**Dataset excerpt:**
* * * * * * * * *

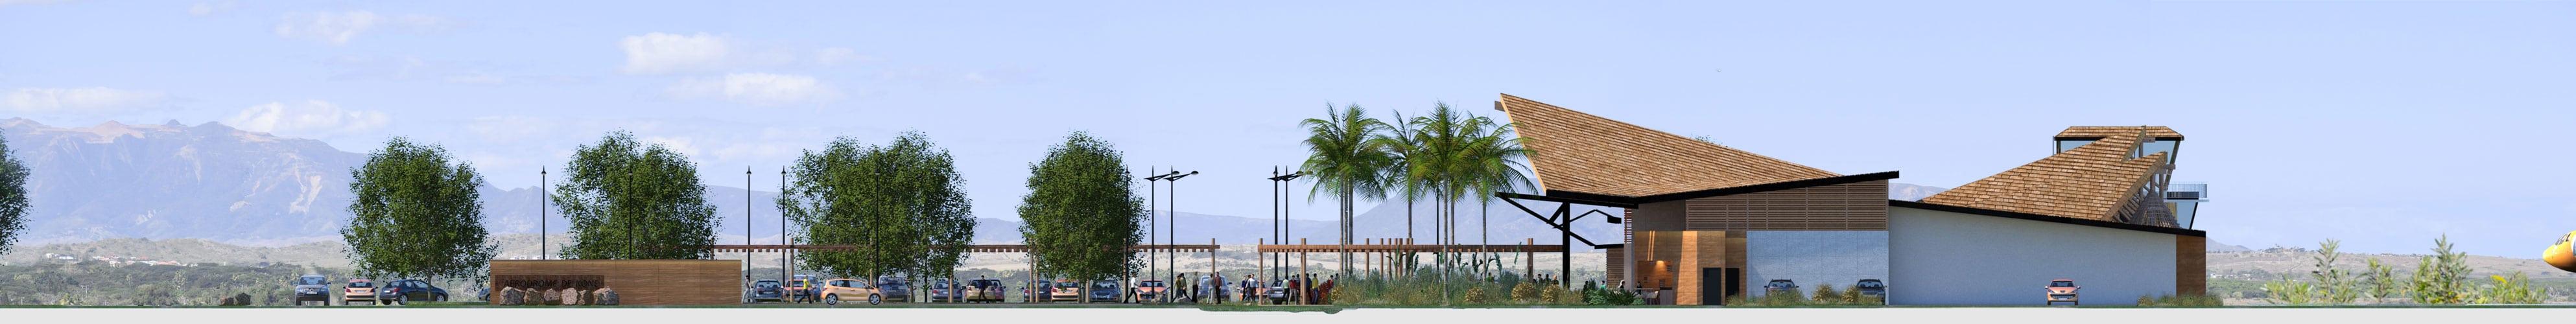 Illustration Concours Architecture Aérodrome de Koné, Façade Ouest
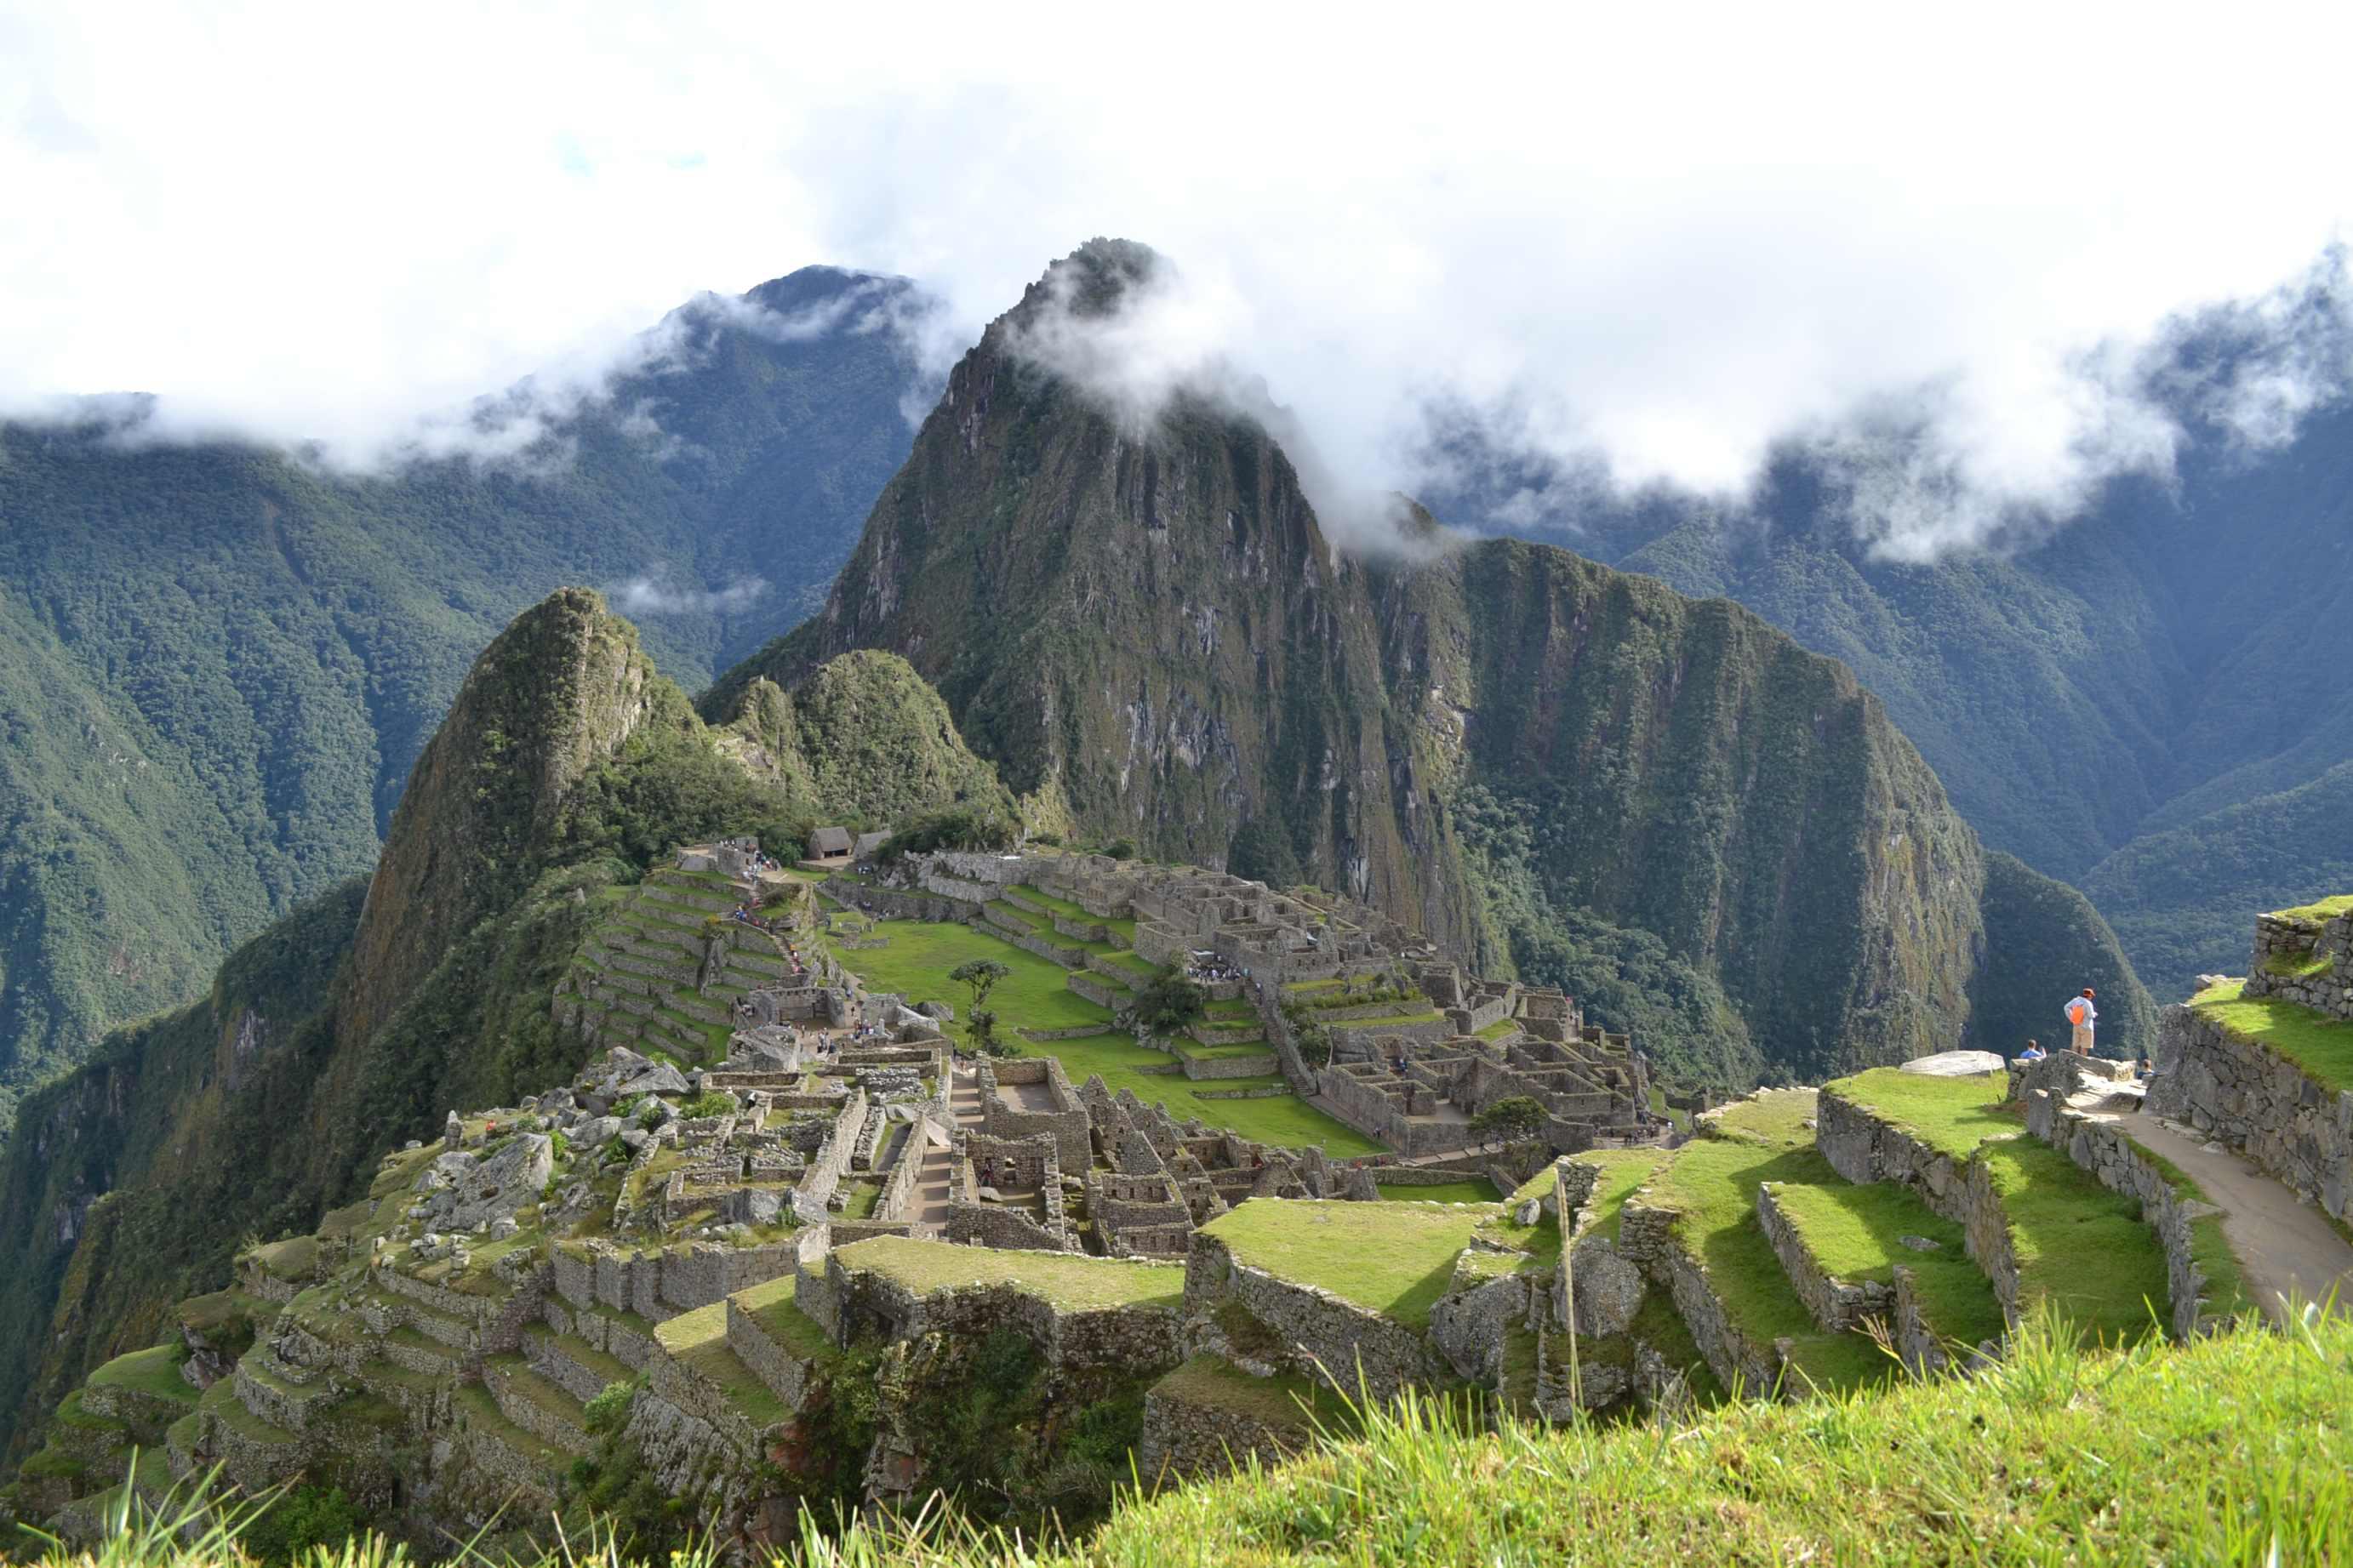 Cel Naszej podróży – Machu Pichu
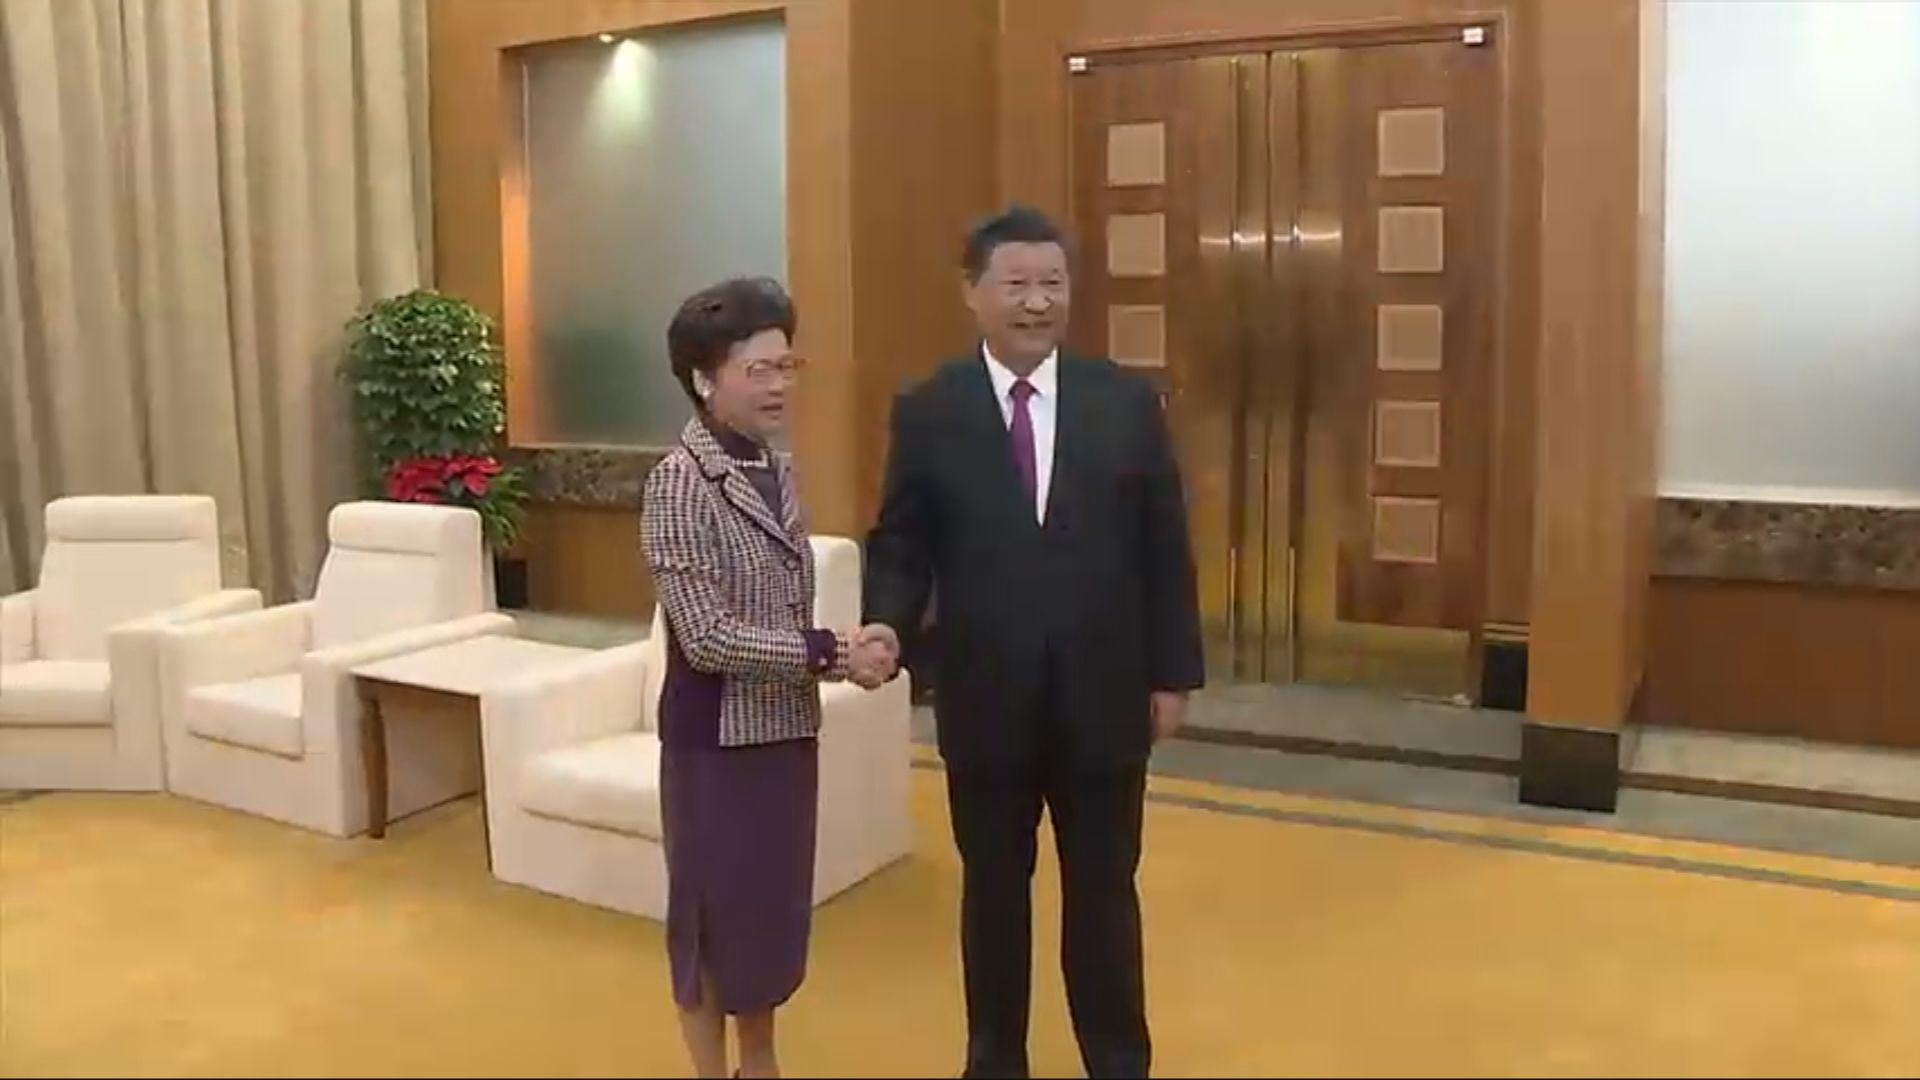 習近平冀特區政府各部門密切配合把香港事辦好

* * * * * * * * *

The response must match the listing exactly, except that pictures are removed.

 Illustration Concours Architecture Aérodrome de Koné, Façade Ouest
 Cel Naszej podróży – Machu Pichu
 習近平冀特區政府各部門密切配合把香港事辦好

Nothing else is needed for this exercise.